Through predictive analytics, machine learning can improve an organization’s methods of decision making thereby optimizing the decision making process. Applying machine learning to the decision making process gives revenue cycle leaders a way to balance their decisions against larger volumes of data than previously possible, leading to a wealth of insights and new opportunities previously out of reach on a manual scale. 45% of companies that utilize machine learning say that the technology has led to expanded data analysis and increased insights into their business.

These data driven insights spur revenue growth in a myriad of ways from “predicting business outcomes and improving business strategy to better customer engagement.”. Over the last decade, research conducted into machine learning found that companies that leverage data analytics to augment their decision making process were on average 5% more productive and 6% more profitable than their competitors who weren’t applying such tactics. This is in large part due to these companies being exponentially more likely to make decisions faster than their competitors and just as likely to beat competitors to the market with those decisions.

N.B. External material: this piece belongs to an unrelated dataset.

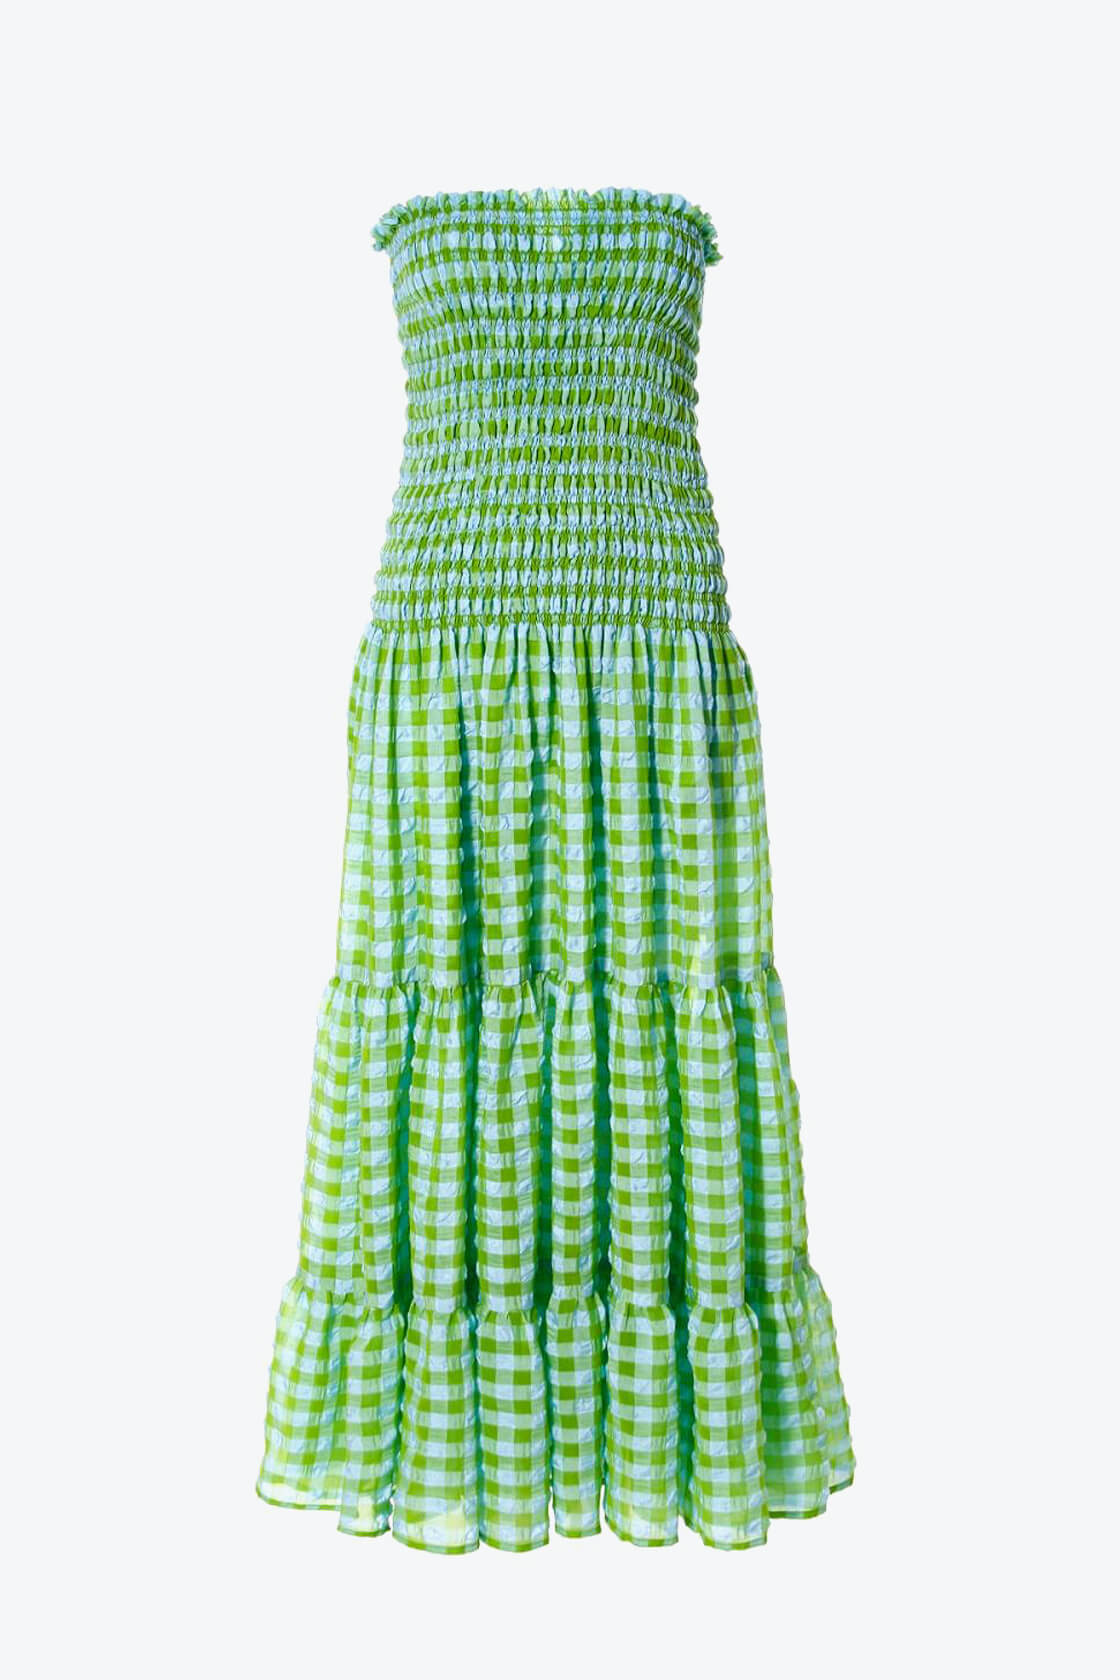 OL100002597 Dress Maya Tender Shoots1

Perhaps no area of the business has improved more with the use of machine learning than forecasting, budgeting, and resource allocation. Machine learning not only improves the accuracy of forecasts, but much like with customer engagement, machine learning can be used to automate forecasting models and synthesize larger data sets than manually possible. Forecasters no longer need to spend the bulk of their time compiling and reconciling data, reducing the more laborious aspects of forecasting and freeing up forecasters to focus their attention on areas that present greater value to the business like ”understanding operational drivers, key business events, and microeconomic and macroeconomic factors that may impact the business, bringing those insights into the forecasting process”.

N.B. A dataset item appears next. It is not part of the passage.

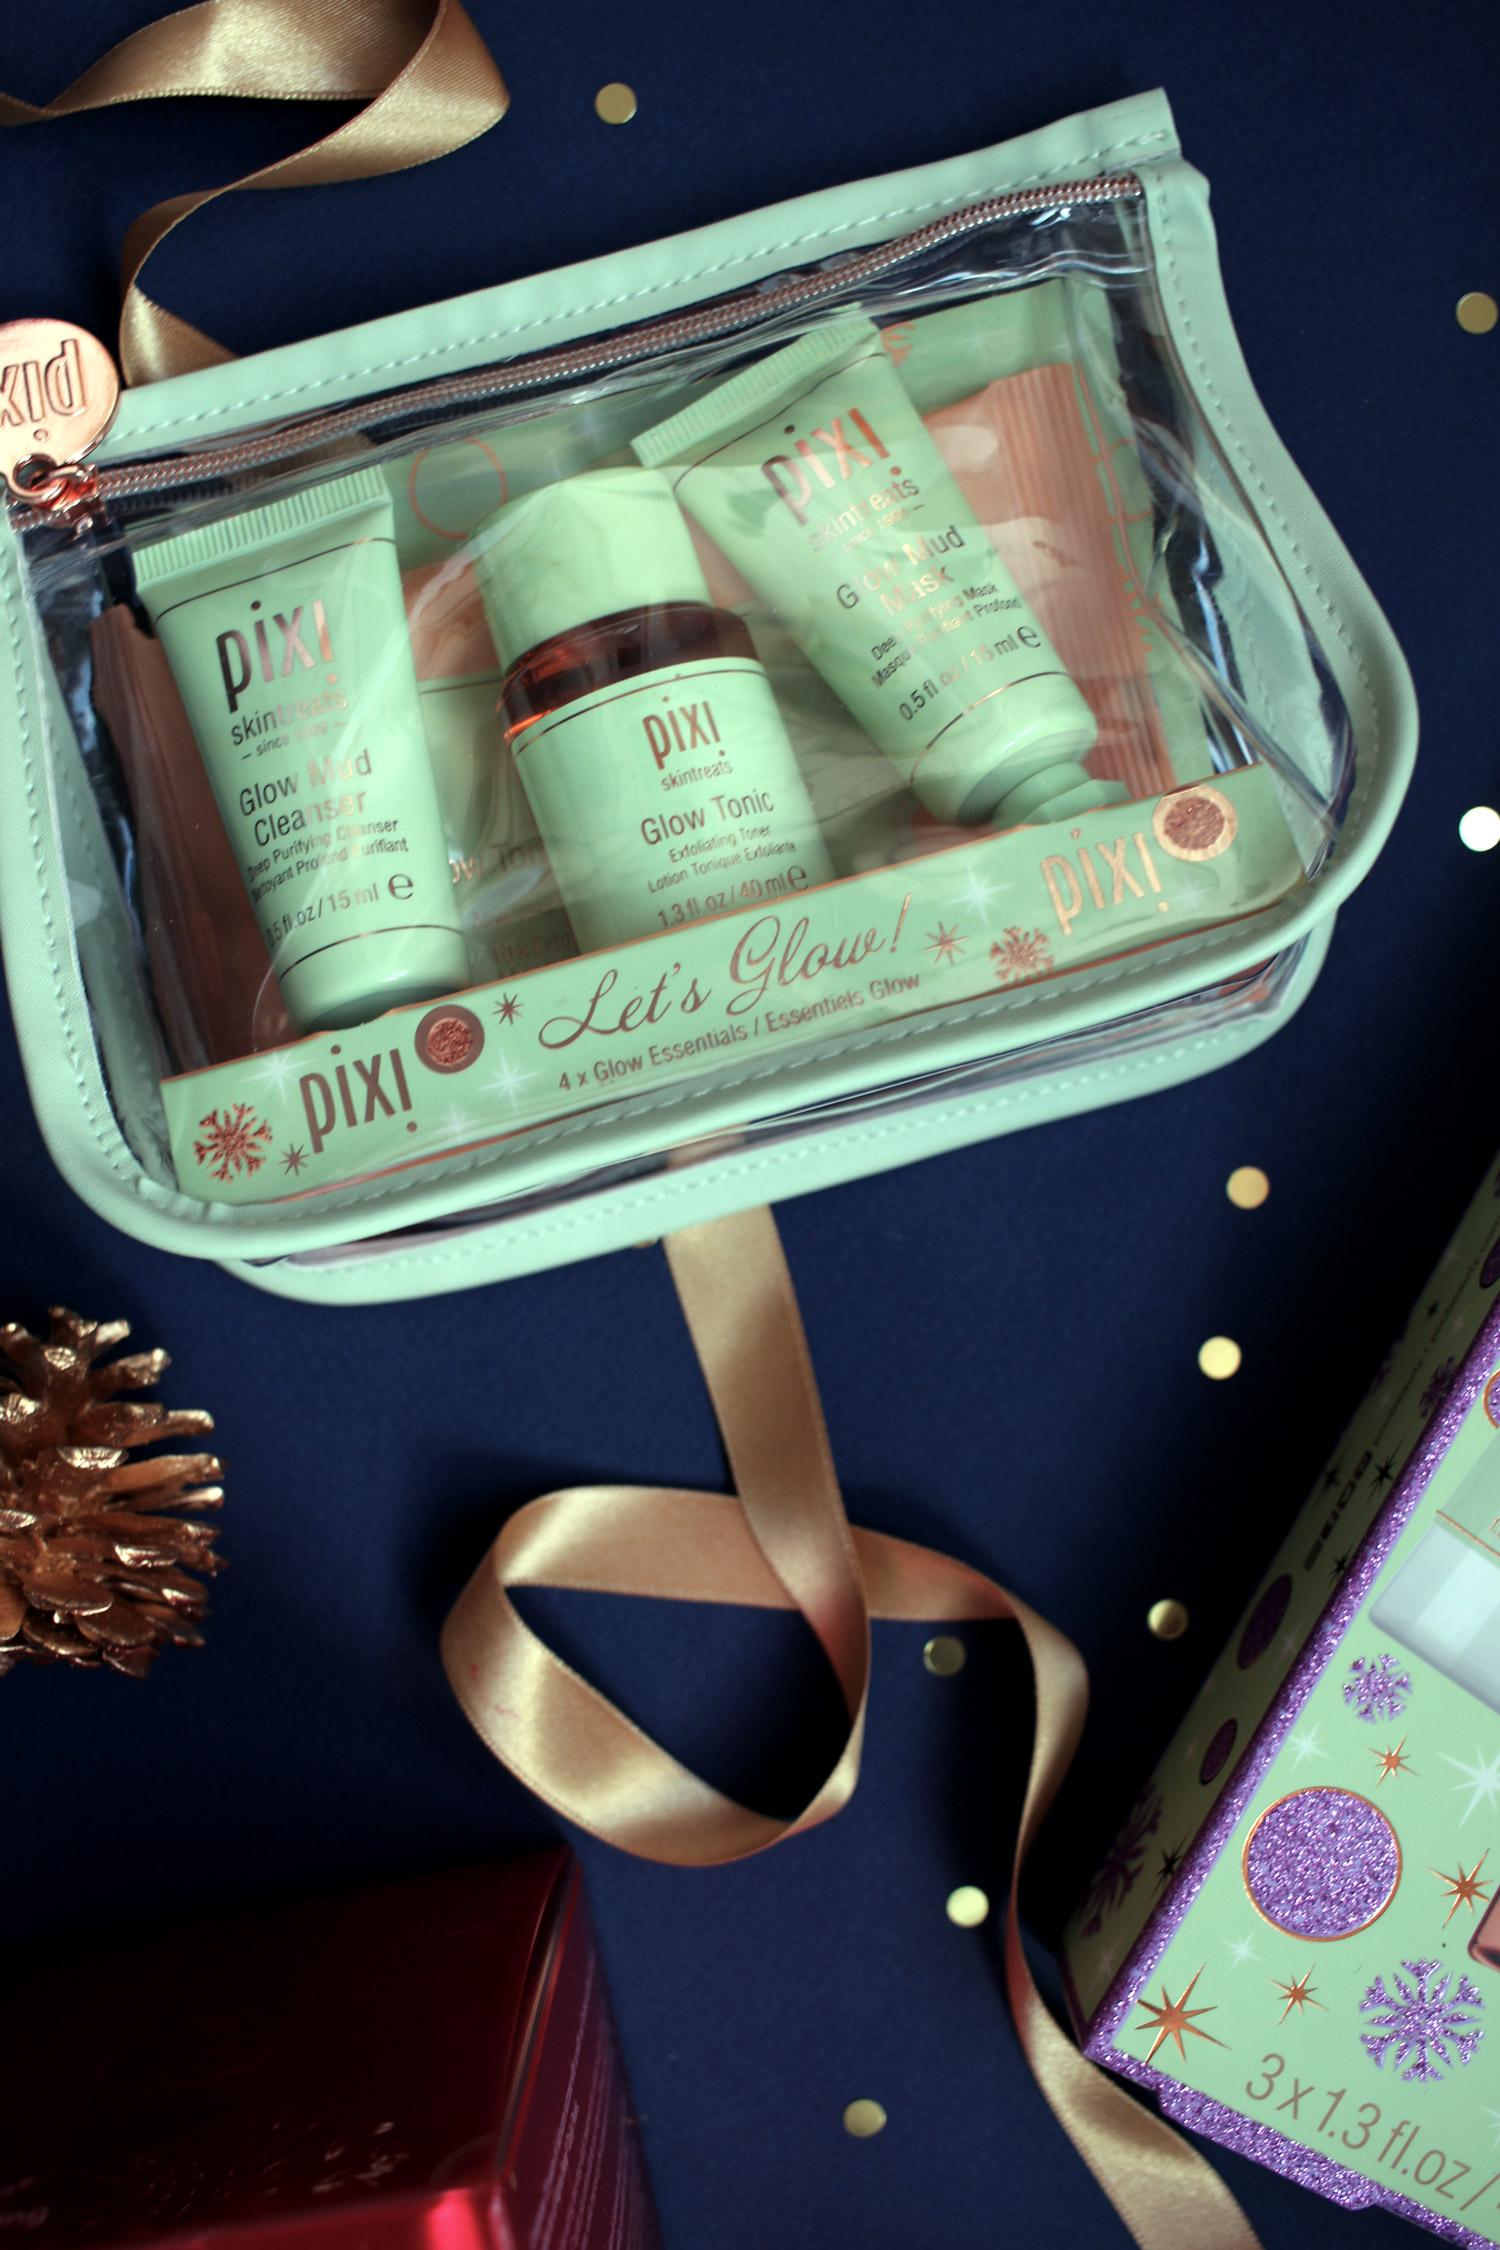 christmas-2020-beauty-gift-guide-skincare-pixi-glow-set

Liberated from traditional spreadsheet driven models, forecasters now have greater insights into the cyclical nature of their business, the peaks and the valleys of revenue caused by seasonality and demand that require strategic adjustments and preparation.

In a 2019 study of 1014 hospitals in both medicaid expansion states and non expansion states, Crowe Analytics used machine learning to observe how seasonality affected net revenue for healthcare providers. To determine the impact, they analyzed data points like bad debt, credit balance, cash to expected pay, denials, etc. The study found that seasonality plays a larger role in revenue than previously believed. For example, final denials of claims are 18.5% higher in June than average, outpatient revenue is 4 percent lower in the months of January, February, and March than year average, and the average days in accounts receivable are 51.3 days in January, the highest of the year.

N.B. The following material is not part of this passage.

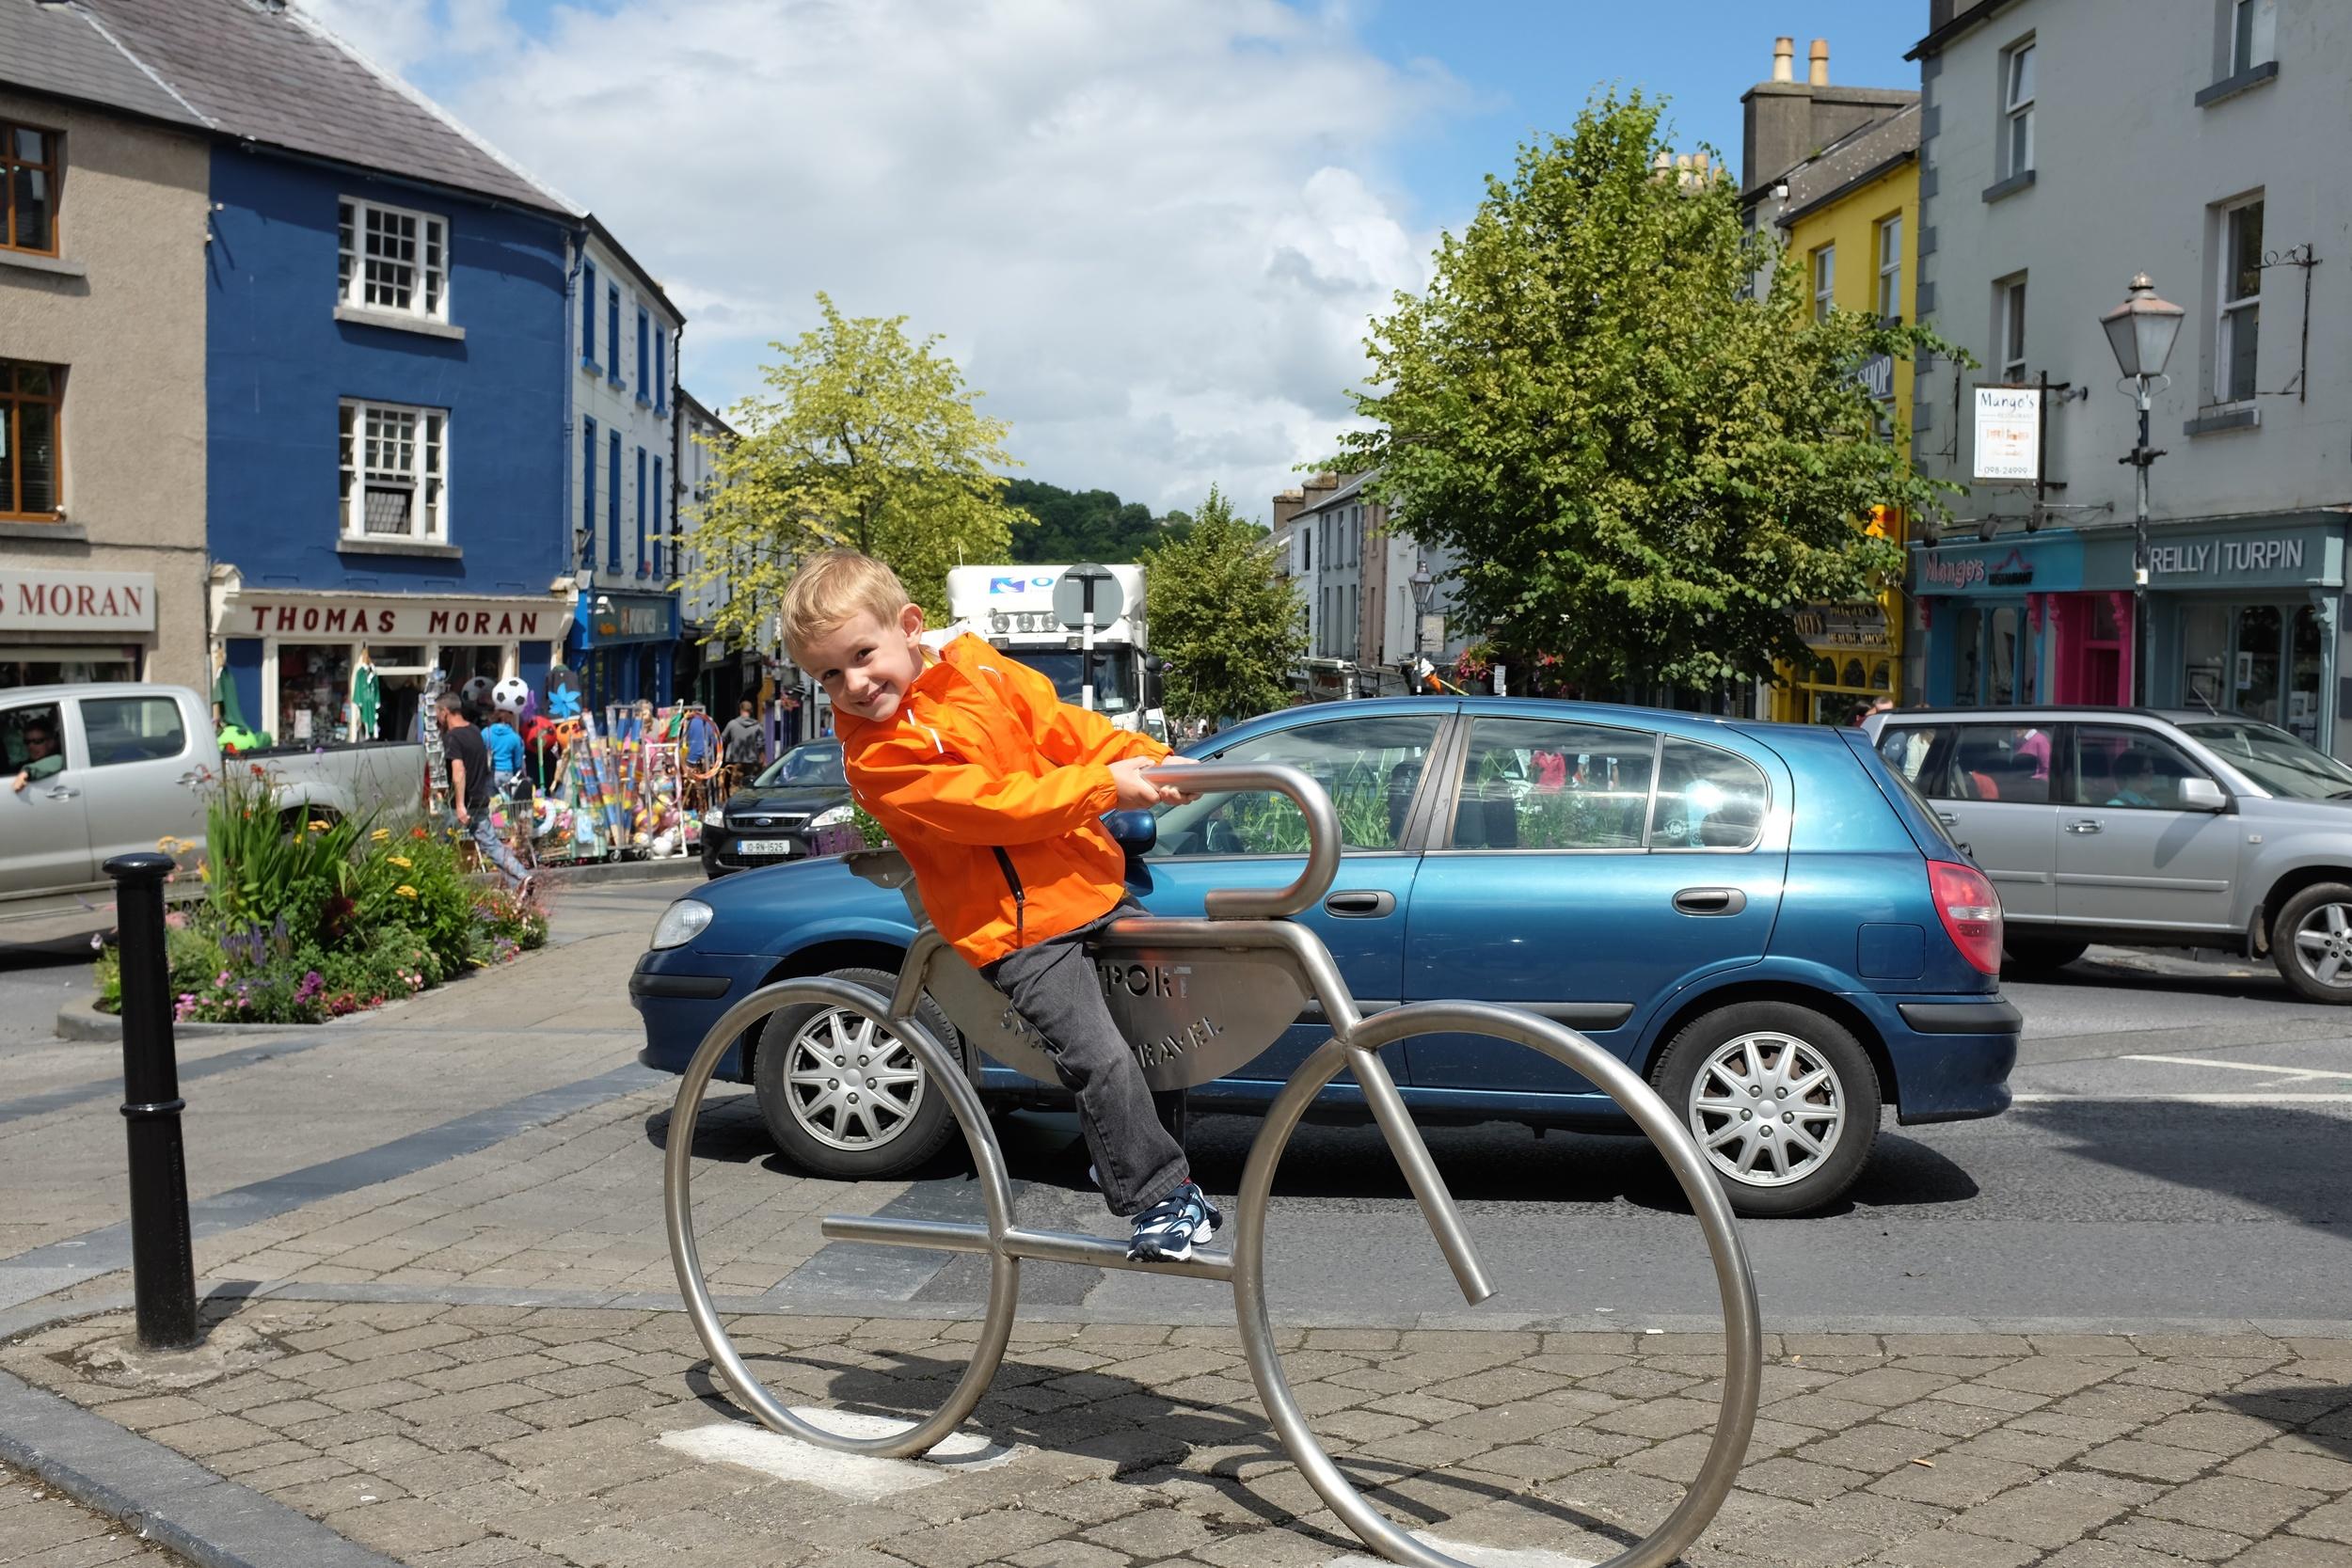 Kian on the metal bicycle

With these types of observations proven out by data and tailored to their specific health system, revenue cycle leaders can feel confident that they have a much clearer and more nuanced understanding of the year’s financial picture and how to construct their strategic plans, allowing them to set and attain more realistic internal key performance indicators (KPIs).

How Future Revenue Cycle Decisions Will Be Impacted By AI and Machine Learning

How to Stay Ahead of the Curve?

Whether a revenue cycle department values machine learning, the vendors they choose to partner with to implement it, and how it's applied to their current workflows could be the number one factor in how a revenue cycle performs in the coming decades.

With patients having more choices than ever on where and when they receive their care, health systems that are not focused on how to stay on top of developing trends will fail. Machine learning and AI offer the most effective way for revenue cycle leaders to remain strategic in a world where problems are becoming more and more complex and decisions need to be made faster by the day.